UGA calls stem cell burger ‘not economically possible’
An innovation in the form of a hamburger grown from stem cells opens the door to new possibilities in food production.
On Aug. 5, a press conference in London revealed the world’s first hamburger created from stem cells. The cells were taken from the muscle tissue of a cow.
The project took more than two months to grow and cost over $300,000, the funding being provided by Google co-founder Sergey Brin. The purpose of the project, according to an article by BBC News, is to create an alternative form of food production to help deal with the ever growing population of the world.
But University of Georgia researchers say it may not be practical to bring such a development to campus.
There have been criticisms cited with the development of the burger, specifically the cost and time it takes to create a single patty of meat.
Franklin West, an assistant professor at the Regenerative Bioscience Center at UGA, said the concept of a stem cell created burger was interesting, but impractical.

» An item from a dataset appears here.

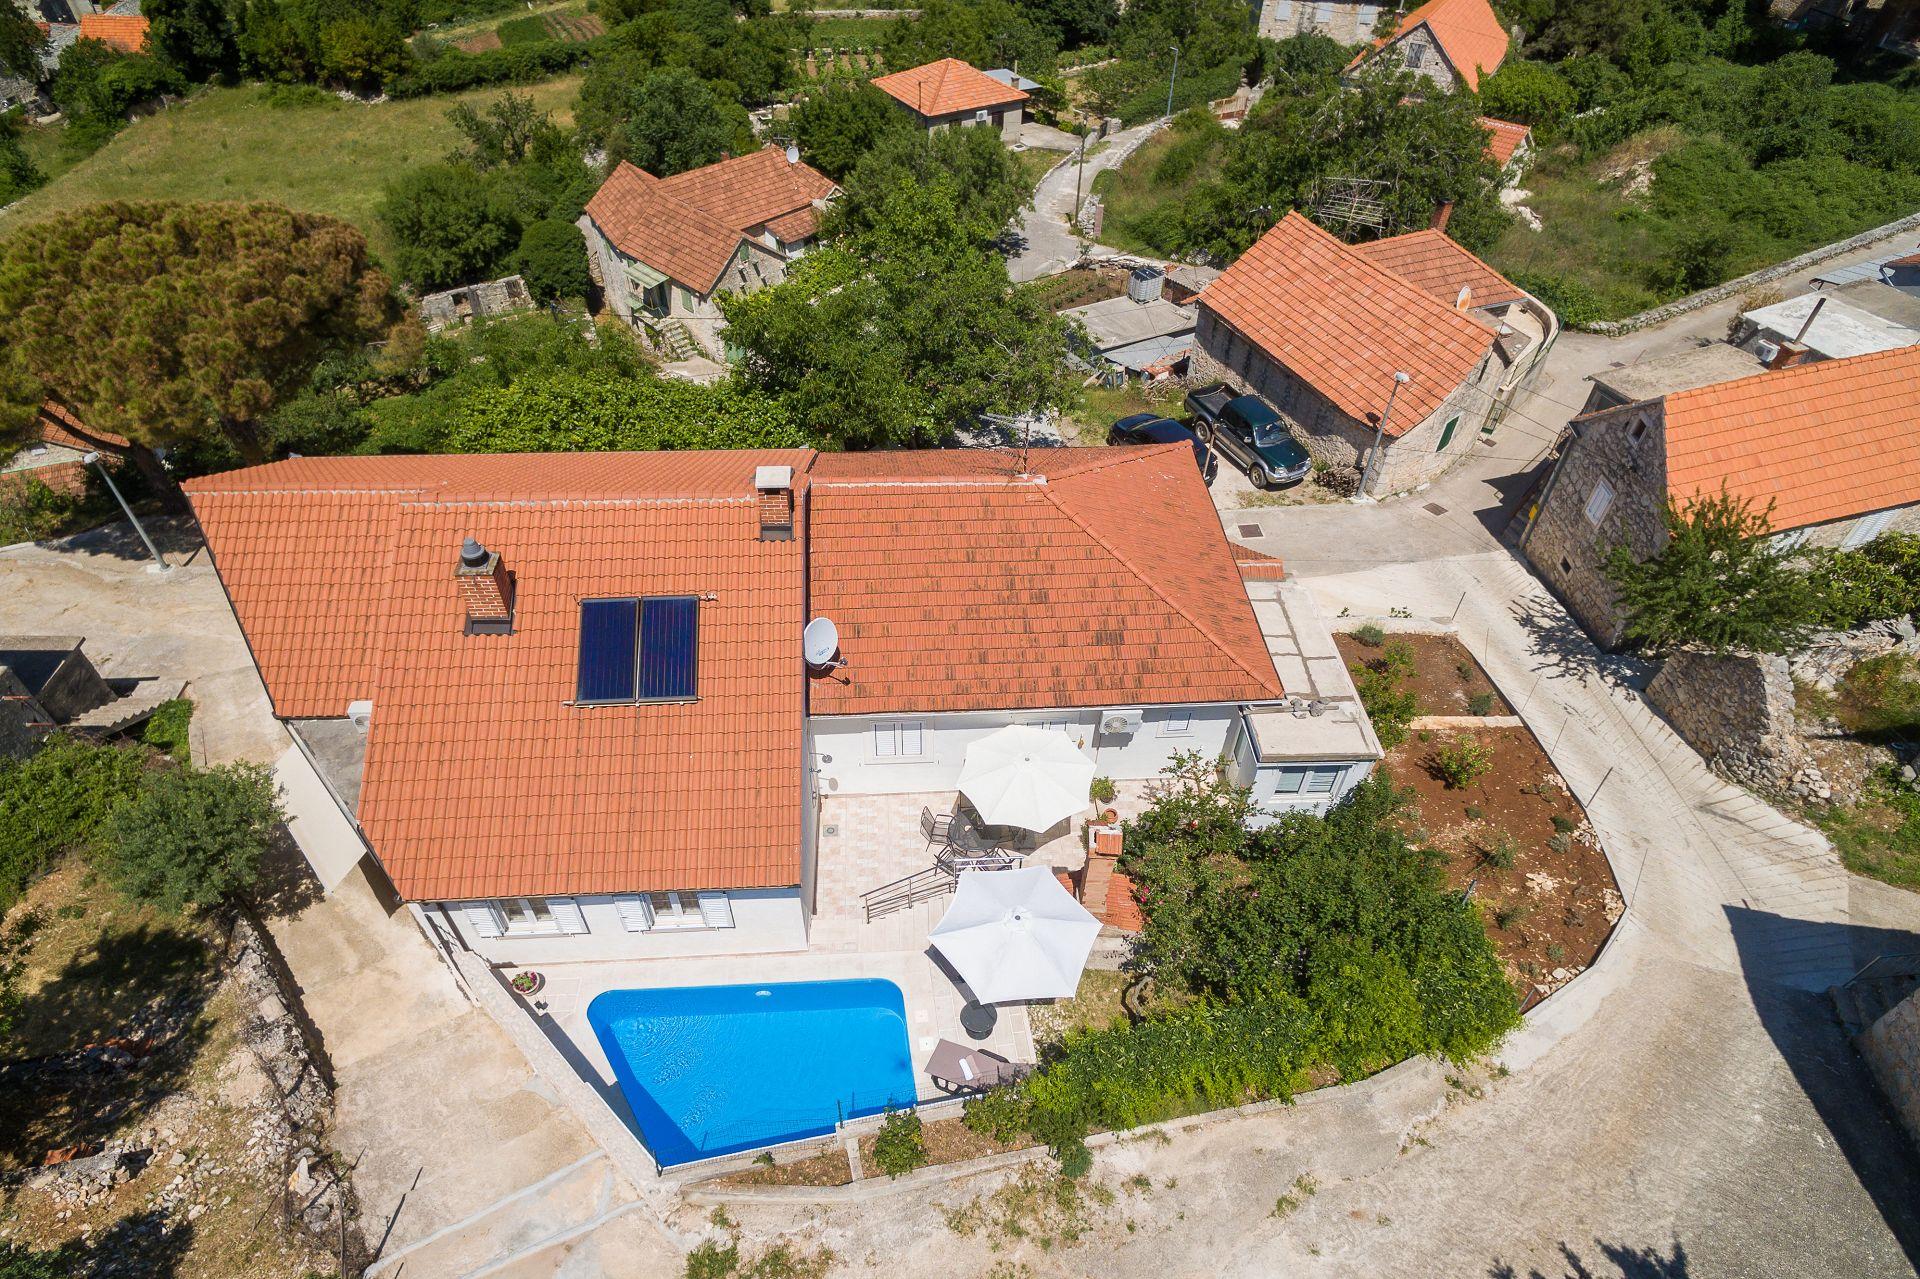 Maison de vacances Andre H(6+2) - Nerezisca (1533099), Nerezisca, Île de Brac, Dalmatie, Croatie, image 3

“The amount of resources and cost are not economically possible,” West said. “Just the food for the cell alone would cost thousands.”
West also said that cost of creating the burger could be better spent toward other forms of stem cell research and that if so much money was going to be spent on muscle tissue, it would be better spent on a soldier injured in a place like Iraq.
On the subject of whether the stem cell burger could ever appear on a restaurant or dining hall’s menu, the topic still requires more time before coming to a conclusion for most.
Bryan Varin, associate director of meal plan operations in UGA Food Services, said the most important part of anything that appears on UGA is whether it meets nutritional standards. Varin said all of the food that food services uses come from reputable sources and must undergo a thorough process of identification.
When asked if UGA would ever consider adding a stem cell created burger to the dining hall menu, Varin said there is not enough information on the new product to make that sort of decision.
“It all seems like new technology and something we’d want to learn more about. But we wouldn’t want to test it.” Varin said. “Ten to 20 years from now, maybe, but, as it stands right now, we’re proud of what we have.”
Jeanne Fry, executive director of food services at UGA, echoed Varin’s sentiment.
“It depends on the nutritional quality of the project,” Fry said. “We like to be cutting edge, but maybe not that cutting edge.”